The finding was gleaned from the results of a survey administered in a general pediatric clinic setting. The poll had asked parents how they would react to being told that their child's excessive crying and spitting amounted to a diagnosis of gastroesophageal reflux disease (GERD), rather than being given no specific disease label at all.
The study highlights the powerful impact that a physician's choice of words can have on parental decision-making, while emphasizing the importance of good doctor-patient/parent communication.
"The disease label seems to send the message that there is an illness that requires medical treatment," explained study lead author Laura Scherer, an assistant professor in the department of psychological sciences at the University of Missouri. "But, depending on the situation, medical treatments may be necessary, or not. In the case of GERD, an otherwise healthy infant probably will not benefit from medication. So in this case [that] label can be misleading."
Scherer and her colleagues published their findings in the May issue of Pediatrics.
Though the survey results speak to the potential impact of disease-labeling as a whole, the authors noted that the issue is of specific interest with respect to GERD. A growing concern is that this particular condition is both overdiagnosed and overtreated among basically healthy children.
Between 2011 and 2012, the investigators surveyed 175 parents (whose average age was about 35) either while in a pediatric clinic waiting room or an examination room. Most participants were mothers and described as highly educated. The average age of their sons and daughters was 4.5 years. About one-fifth of these children had been previously diagnosed with GERD.
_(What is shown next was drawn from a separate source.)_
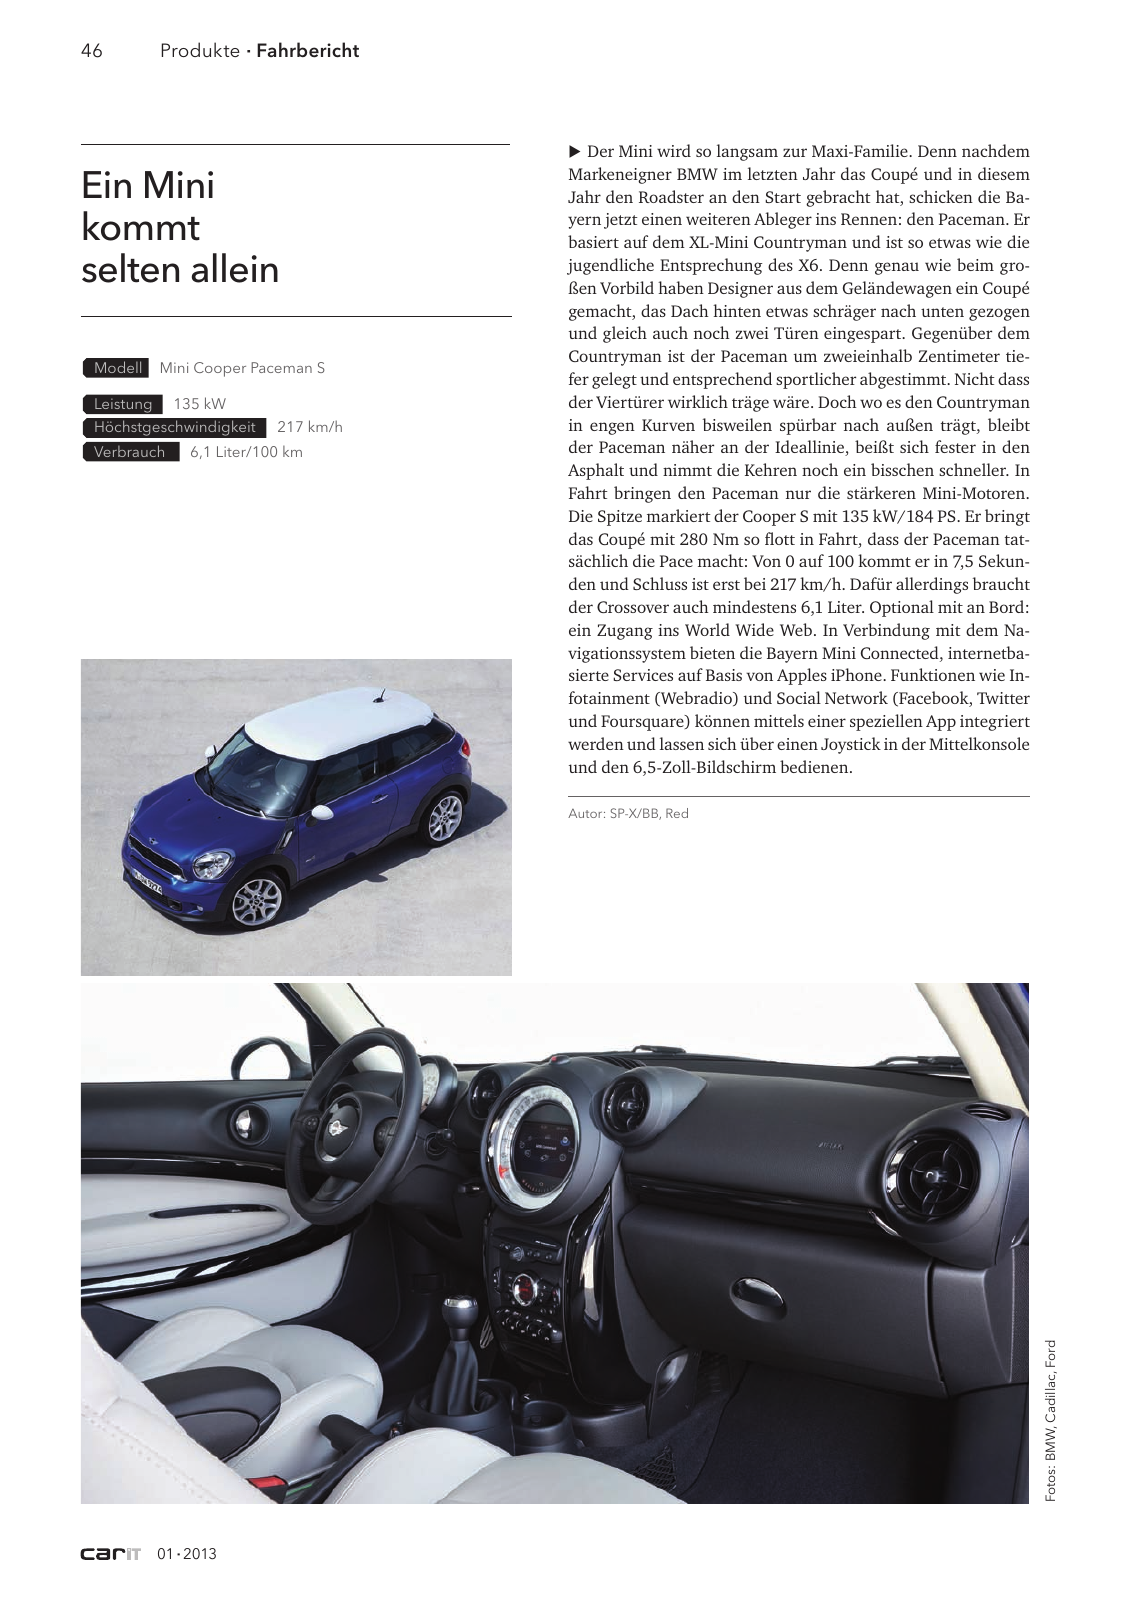 Vorschau car IT 1 2013 Seite 46
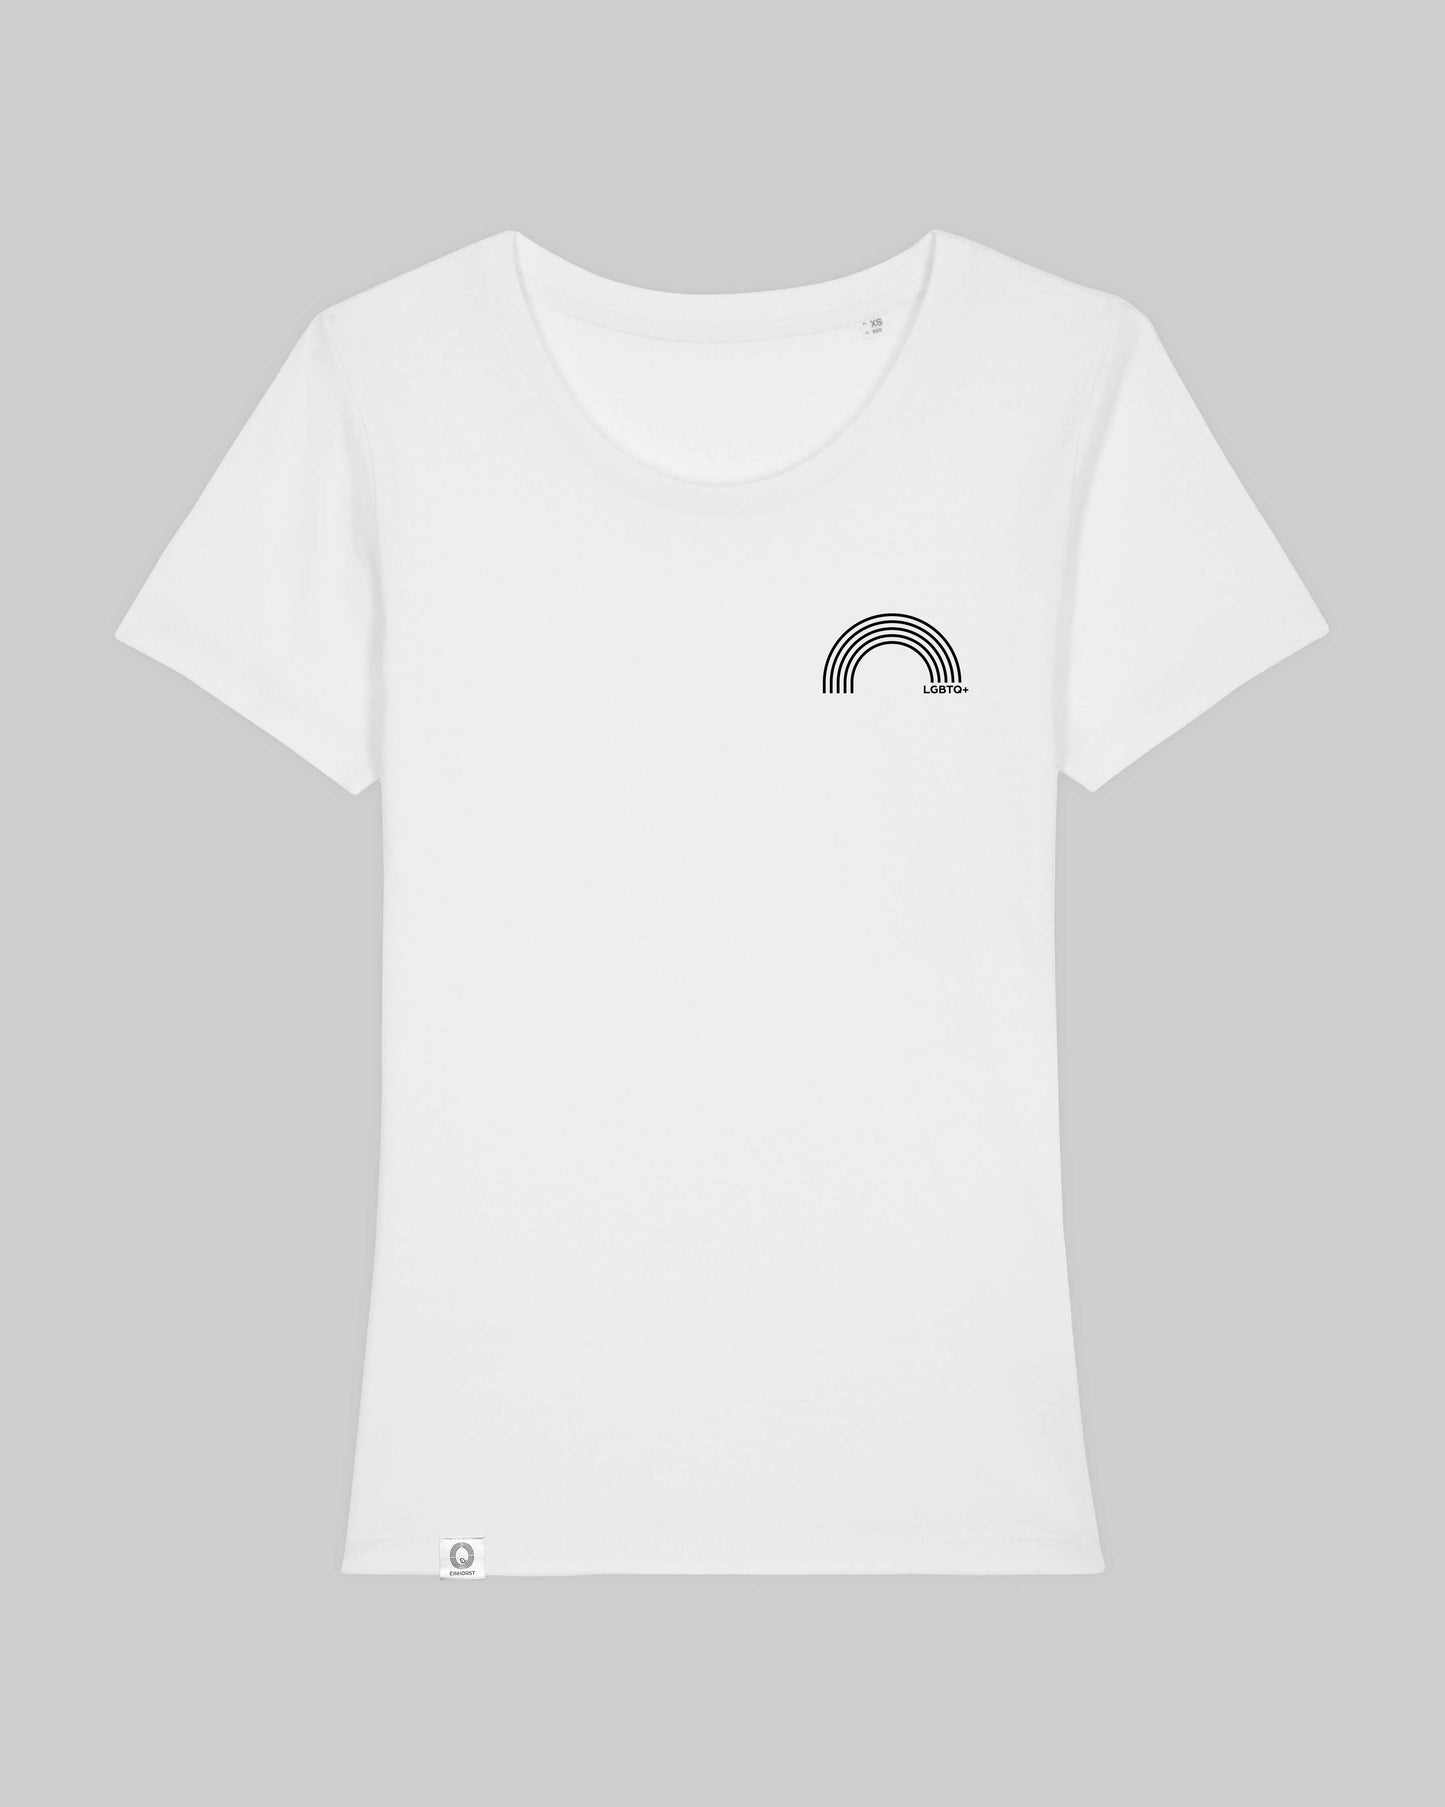 EINHORST® Organic Shirt tailliert in "Weiß" mit dem Motiv "lgbtq+ Regenbogen" in der Kombination schwarzer Regenbogen mit schwarzer Schrift, Bild von Shirt von vorne

Parents were randomly given one of four hypothetical scenarios: Their infant had GERD and existing drugs were ineffective; their infant had GERD without any comment on medications; no disease label was offered in the context of drugs being ineffective; or no disease label or drug information was offered.
The result: Those parents who were given a GERD diagnosis ended up being interested in treating their infant with drugs despite being specifically cautioned that drugs wouldn't work.
By contrast, parents who were not offered a single disease label to describe their infant's crying and spitting symptoms only expressed an interest in drug treatment if the physician did not raise the issue of the drug's ineffectiveness. This left parents to assume that the relevant drugs worked.
When medicinal ineffectiveness was discussed, these parents expressed no eagerness to launch a drug treatment.
"It's important for both patients and doctors to know that these kinds of labels can influence how parents or patients respond to symptoms," Scherer said. "Words have the power to make a normal process seem like something that requires medical intervention," she explained.
"It's also important," she added, "for parents or patients to listen to the whole story. Is the doctor saying that these symptoms will go away on their own, or that available medications don't work all that well? That information is just as important as the disease label."
For his part, Dr. David Dunkin -- an assistant professor of pediatrics in the division of pediatric gastroenterology at the Icahn School of Medicine at Mount Sinai, in New York City -- said the survey findings get to the very heart of the doctor-parent relationship. He was not involved with the new study.
"It's the job of the physician to be a partner with the parent, and to give them the information that they need about the child's condition, but also about what the side effects, risks and benefits are of treatment," Dunkin said. "Because, in my case, I often see patients who have already been referred by a pediatrician, and already come in with the idea that their baby has reflux [GERD], without really having had the situation explained to them fully," he noted.
"But while this conversation is happening it's very important that physicians be very careful about what they say and how they say it," Dunkin added. "We have to be sure to explain things thoroughly and in a language that parents won't misunderstand. And if they don't understand, you have to give parents a chance to ask questions. Because while you may be strongly recommending something, in the end you really have to make the decision together."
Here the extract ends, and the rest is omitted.